99% of my customers won't ever look at the source. That's fine. I found a license that works for me, and them.
I've only ever seen FOSS outreach to industry groups, academic groups, hobbyists, and other professional or professional-adjacent groups.
They very well could make their case to the modern end user that their approach is better than closed source SaaS solutions, or other freeware. But they don't. It's a missed opportunity, and they're going to lose relevance and influence if they don't appeal to those who drive market demand for software products.
Lots of people benefit from Free Software, yes. But asking the consumer to understand licensing and the implications thereof would be a fantastically ambitious and expensive project.
Ultimately yes, FOSS outreach is targeted, because the first-order benefits are targeted. Outside the internet itself (where the message is there for anyone to find) only very narrow groups would get any value from a discussion on licenses.
For example, say I make software for small-town bakers. My software might be open source, or closed source. My bakers couldn't care less. They care only about the first order benefits - does the planner work etc.
Ironically "no-one" chooses Linux because of the license. They choose it because of the price. And consequently they dominate where "number of machines" is the key issue (aka servers).
Consumers choose Windows or Android because of the first order benefits there. They are better than Linux Desktop or Linux on the phone.
(And yes, I'm aware Android uses the Linux kernel, but Linux is not sufficient.)

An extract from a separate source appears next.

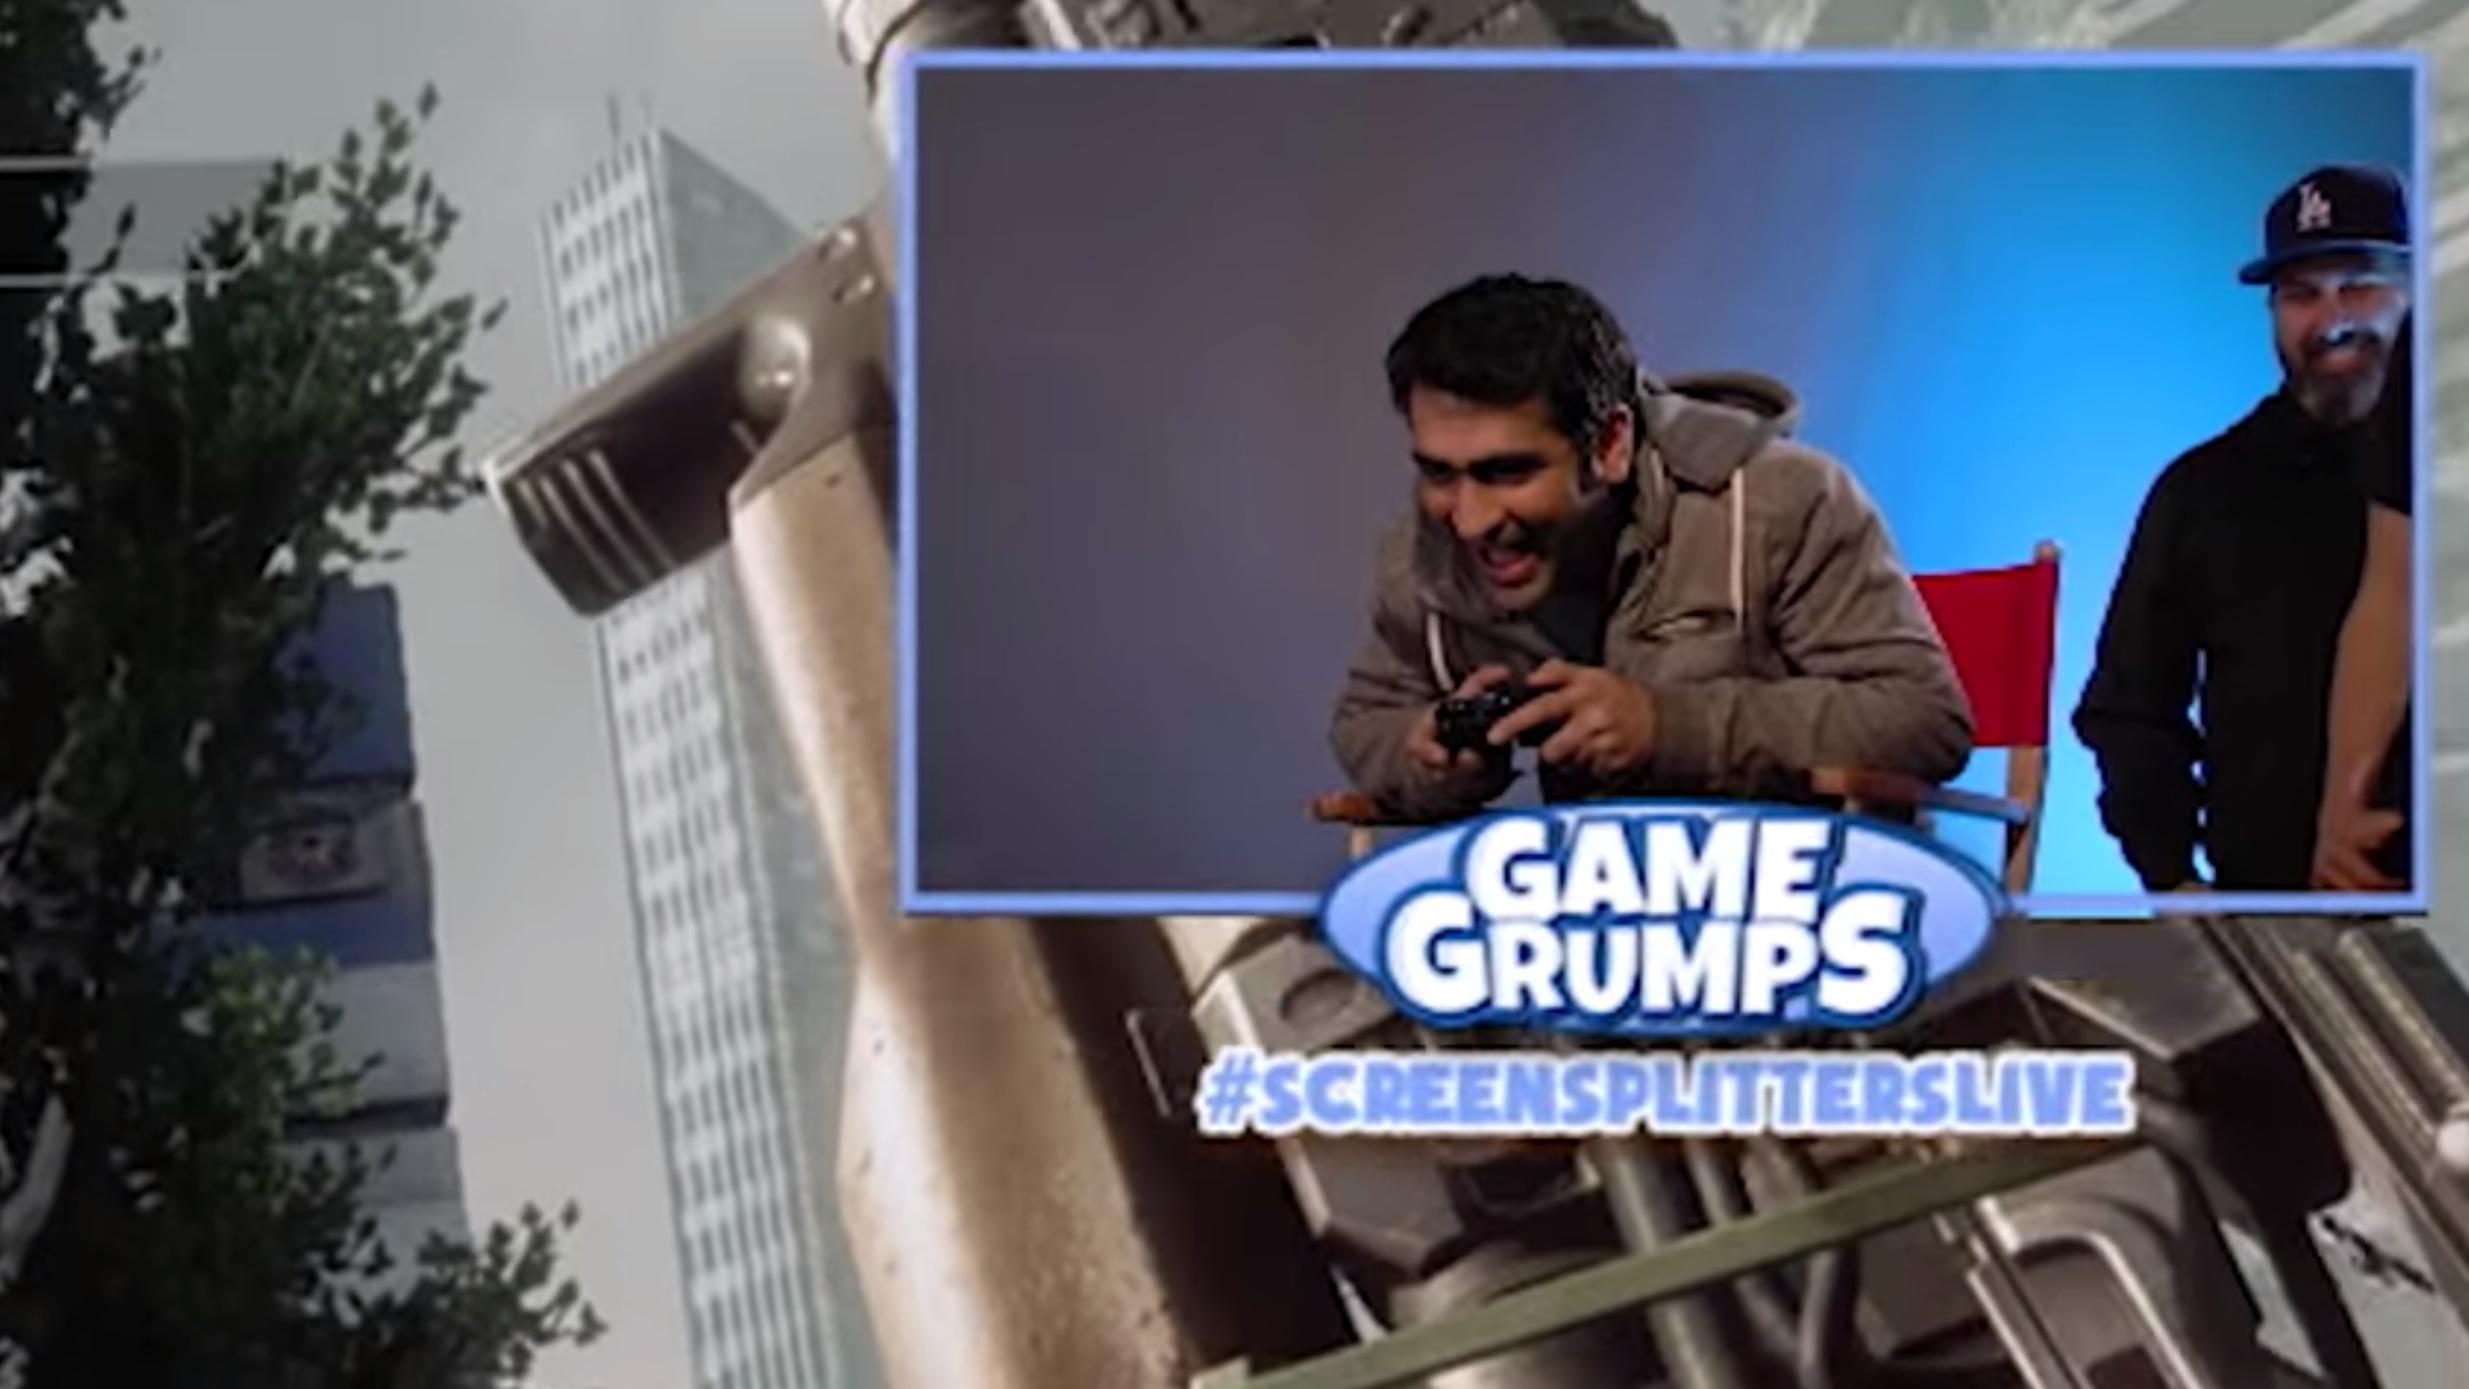 GameGrump: Titanfall 2

The whole "year of the Linux desktop" argument is for Joe public to care about License. 25 years in, and I think it's safe to assume that approach has failed.
>> to industry groups, academic groups, hobbyists, and other professional or professional-adjacent groups.

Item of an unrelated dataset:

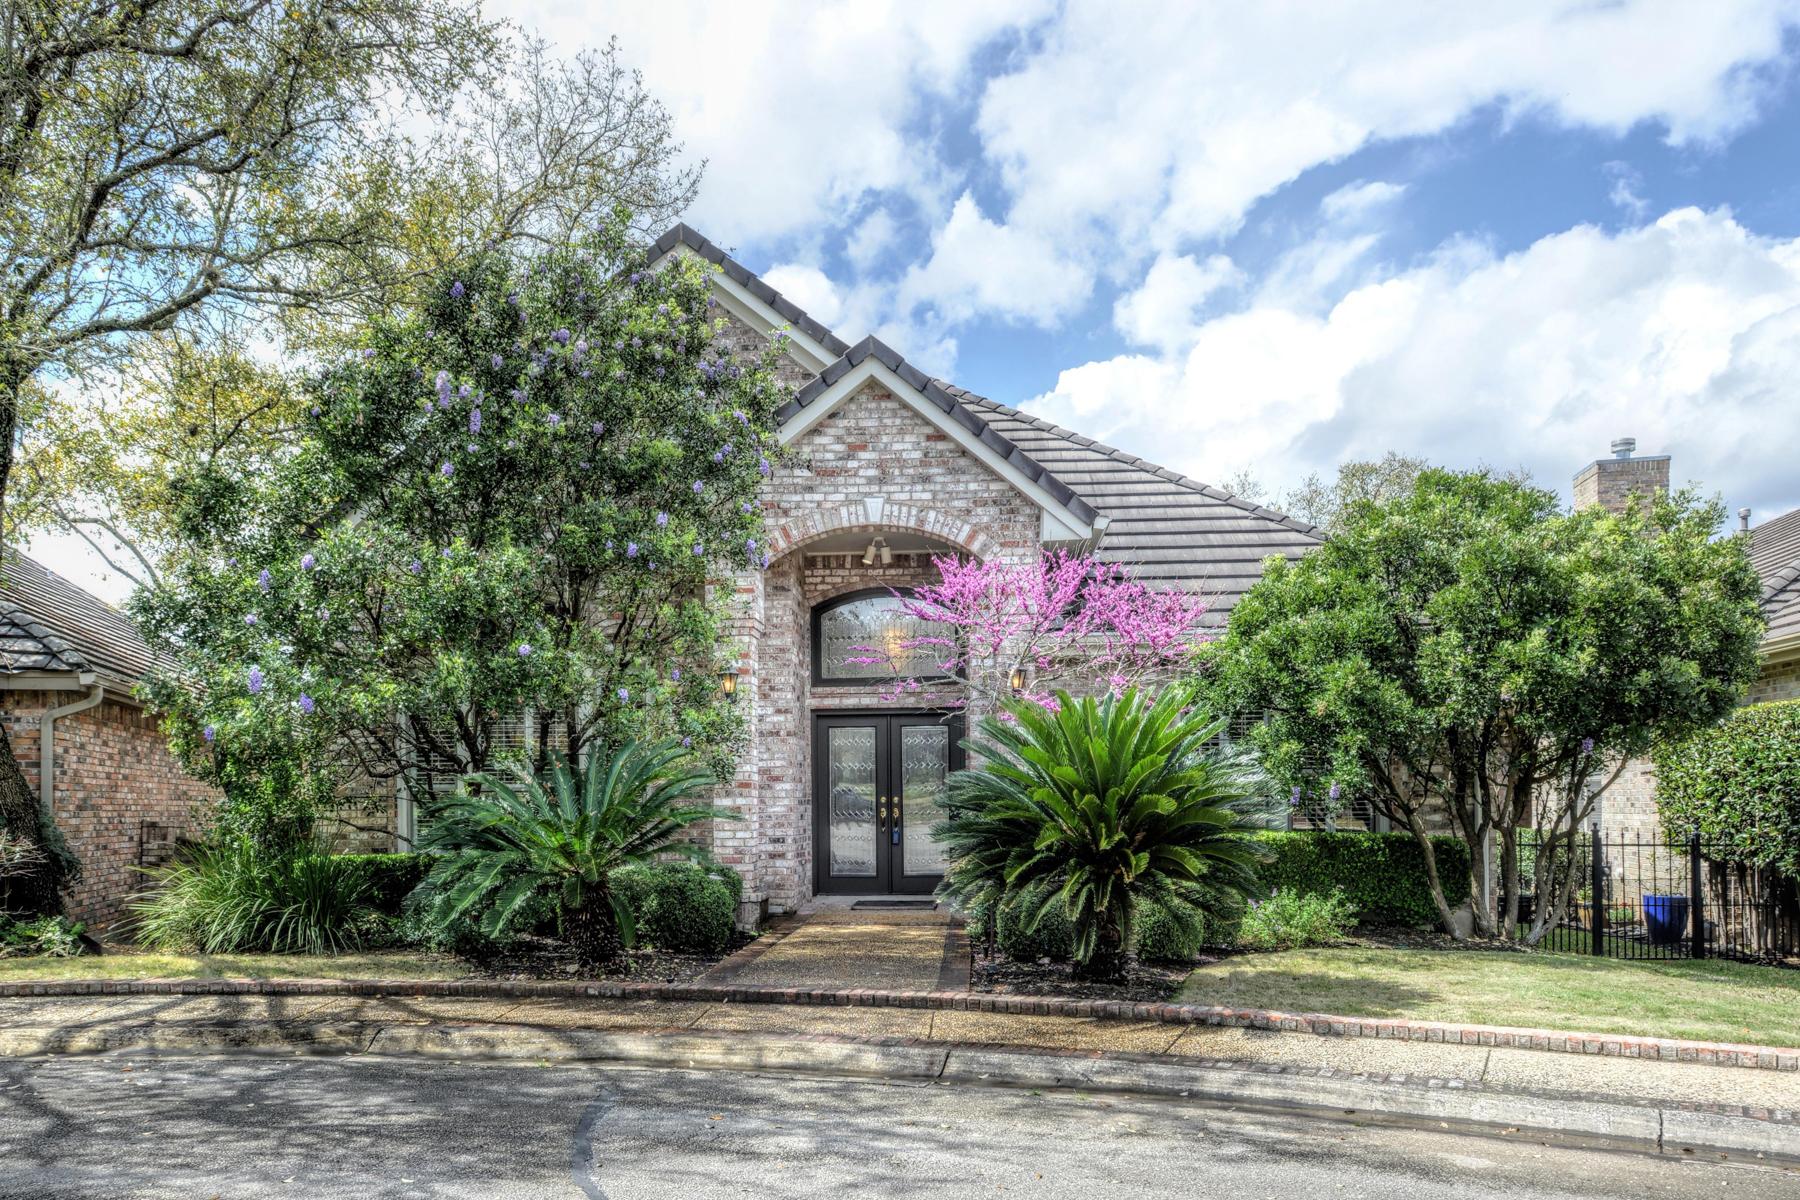 Single Family Home for Sale at Stunning Dominion Garden Home 4 Hendon Ln San Antonio, Texas 78257 United States

FOSS exists today precisely because these are yhe groups that matter. And they are, I think, the groups that will continue to matter.
And in today's business landscape, the model that the baker and the software developer both like the best is permissive-FOSS licensing with proprietary extensions and SaaS delivery. Or, an entirely proprietary application that runs on top of FOSS server components. Which is not looking good for the future of FOSS in terms of contributions back to the community. In this way, it looks like FOSS is becoming less for users and more for venture capitalists and startup founders :)
Obviously the baker doesn't care about the license- but certainly a SAAS approach has gained momentum. Whether this is because the baker wants it that way, or because its easier, and more profitable for providers that way, is debatable.
Does FOSS offer less for end users than before? I'm not sure. The benefits of getting source code (reading, editing, compiling) has always demanded a skillset far removed from most users. Doing SAAS as FOSS just adds "hosting" to that list of skills.
Yes, lots of startups advertise "Open Source" but that's just a marketing thing. They pivot the license when someone else starts getting commercial value from it. Folks contributing to VC projects know what they're getting.
But there are lots of modern Open Source successes as well. Chromium has spawned a whole slew of browsers, Linux continues to grow (code wise), and most programming languages are now open.
Writing Open Source has always been difficult from a commercial point of view, simply because its cheaper to commercialize work that didn't cost development $. But again, that's always been true. Red Hat didn't write Linux.
Is the future for new Open Source projects rosy? I don't know. But folk have been predicting its demise since, well, it started.
One of the four freedoms often gets a note that you need source code to make modifications, but this is not the focus, the focus is on being able to control your computing. source code is one very small possible prerequisite to some of that in some cases, but if all you have is source code you don't have freedom.
It's like having masked strangers in your house unsupervised. Whatever the excuse was for inviting them in they will eventually have to leave.
https://louigiverona.com/?page=projects&s=writings&t=philoso...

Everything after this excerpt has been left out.